Шрифт:
Интервал:
Закладка:
* * *
За одну ночь в Алжире произошло сто четыре взрыва. Возникал вопрос, а не оттеснит ли армия «черноногих» в сторону. Как-то утром, садясь в такси, я услыхала по радио, что начиненный взрывчаткой автомобиль взорвался на Исси-ле-Мулино перед зданием, где должен был открыться конгресс Движения в защиту мира: убитые, раненые. Рассказывали свидетели. Ни одного дня, который не был бы отравлен.
Лига устроила митинг в Мютюалите. В начале собрания организаторов предупредили по телефону, что заложена бомба: классический трюк. Сартр выступал в гораздо более живой манере, чем в Брюсселе. Но людей пришло мало: две тысячи, тогда как можно было рассчитывать на шесть. Соглашение о прекращении военных действий ускорило деполитизацию французов; к тому же компартия по-прежнему с неодобрением смотрела на Лигу, и входившие в нее коммунисты готовили собрание без особого рвения. В конечном счете и Сартр и Ланзманн оба оказались правы: без коммунистов ничего нельзя было сделать, но с ними тоже ничего нельзя было сделать. Эта неудача опечалила и того и другого.
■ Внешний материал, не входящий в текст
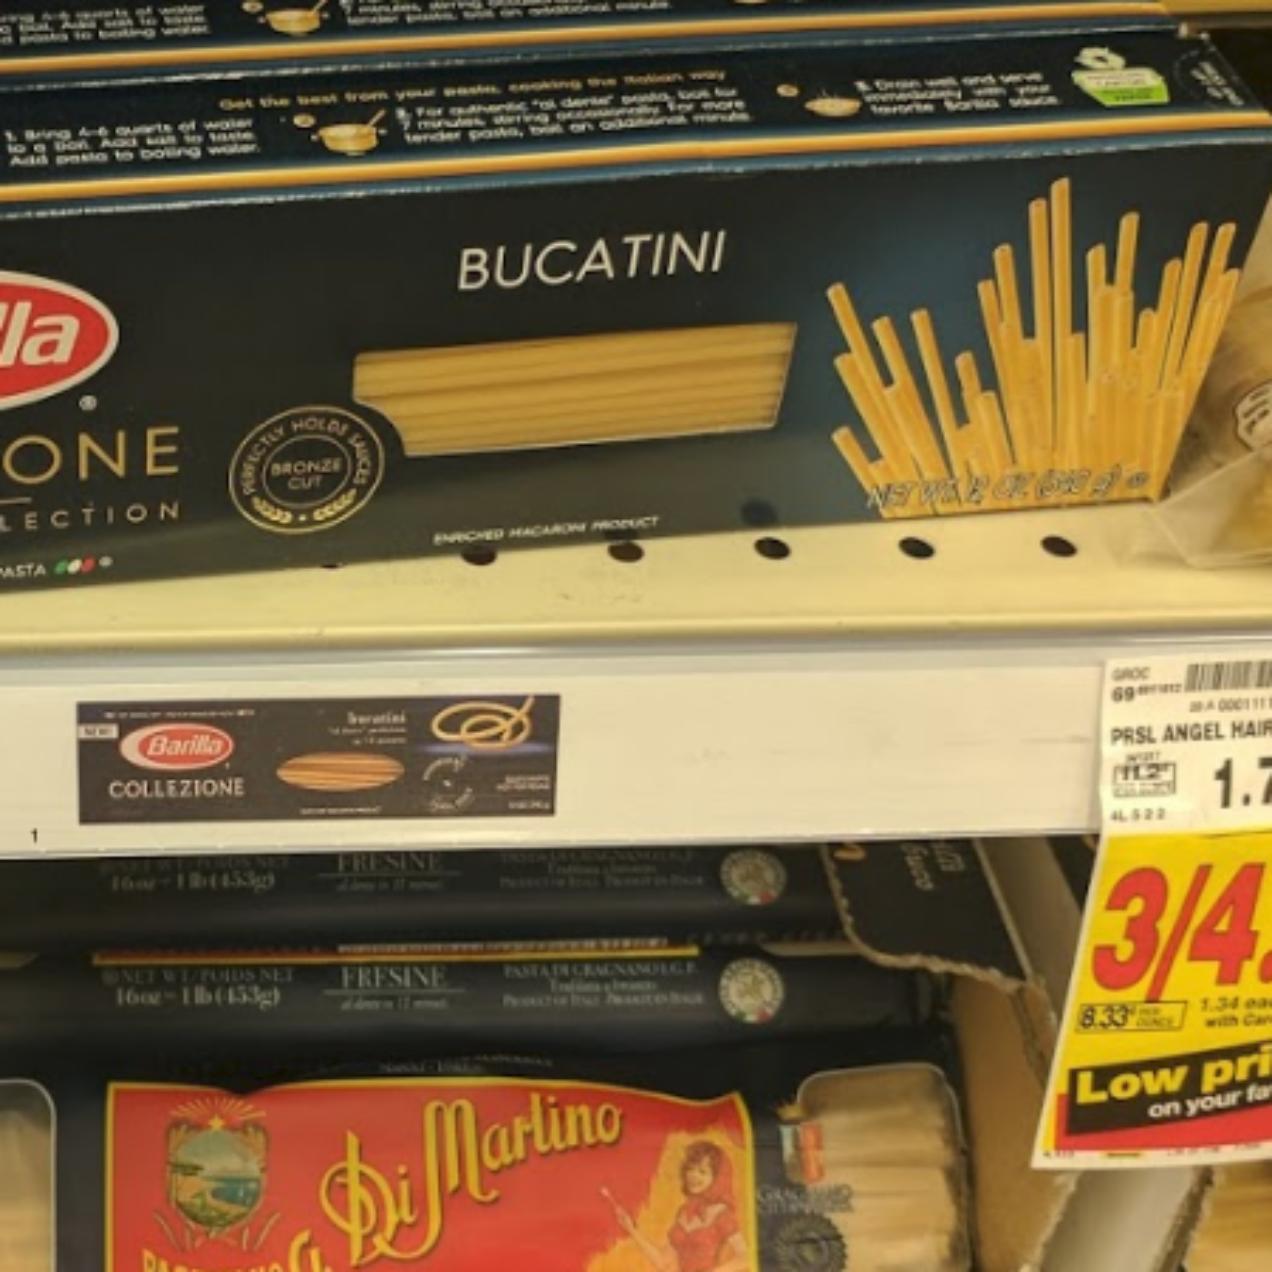 Barilla Collezione Only $0.54 at Kroger Mega Sale (Regular $2.49)

Референдум 8 апреля показал, что во Франции почти все желали теперь прекращения Алжирской войны, но происходило это в наихудших условиях. После стрельбы на улице Исли и оцепления Баб-эль-Уэда «черноногие» поняли, что они проиграли; они постоянно совершали диверсии в и без того разрушенной стране и устраивали бойни, еще более ужасные, чем сама война. Оасовцы обстреливали из миномета мусульманские кварталы, направляли туда горящие грузовики, расстреливали безработных возле агентства по найму, убивали домработниц. Каждое утро я со страхом открывала газету: что еще я узнаю? Первое время пресса почтительно сообщала об этих преступлениях на первой полосе: мусульмане могут дать отпор, все боялись. А потом с облегчением восхитились их дисциплиной: они действительно держались прекрасно! И сразу же отодвинули куда-то в угол случаи с автомобилями, двадцать – тридцать мусульман (официальная цифра), убиваемых ежедневно в Алжире, в Оране. Заключенные, расстрелянные в тюрьмах, приконченные в госпиталях раненые – этим возмущались с вялым лицемерием. И лишь когда «черноногие» ринулись во Францию, оспаривая у местного населения жилье и работу, только тогда они стали непопулярны: появился новый расизм – как раз вовремя, чтобы заменить старый, – в отношениях между людьми одной и той же расы, как будто непременно требуется ненавистный Другой, дабы гарантировать нашу собственную невиновность. Как будто армия, как будто правительство, которые вели эту войну, не состояли из французов Франции, как будто вся страна целиком не взвалила ее на себя! Соучастие подтверждалось ежедневно: истязатели были амнистированы, а дезертиры, неподчинившиеся, члены группы поддержки – нет. Жуо, приговоренный к смерти, не был казнен; Салан спас свою голову: расстреляли лишь второстепенных людей; во время судебных процессов проявляли беспокойство только по поводу лояльности обвиняемых и искренности их шовинизма, а убитые алжирцы не в счет. Никогда Алжирская война не была столь отвратительной, как в те недели агонии, когда она показала истинное свое лицо.
* * *
Союз советских писателей пригласил нас в Москву. В той области, которая непосредственно нас интересовала – культуре, XX и XXII съезды принесли плоды; это подтверждали поездки Евтушенко и еще в большей степени присутствие в Париже студентов, присланных русскими университетами. Я встретила одну грузинку, которая уже год совершенно свободно работала над диссертацией о Сартре: что-то новое действительно появилось под советским солнцем.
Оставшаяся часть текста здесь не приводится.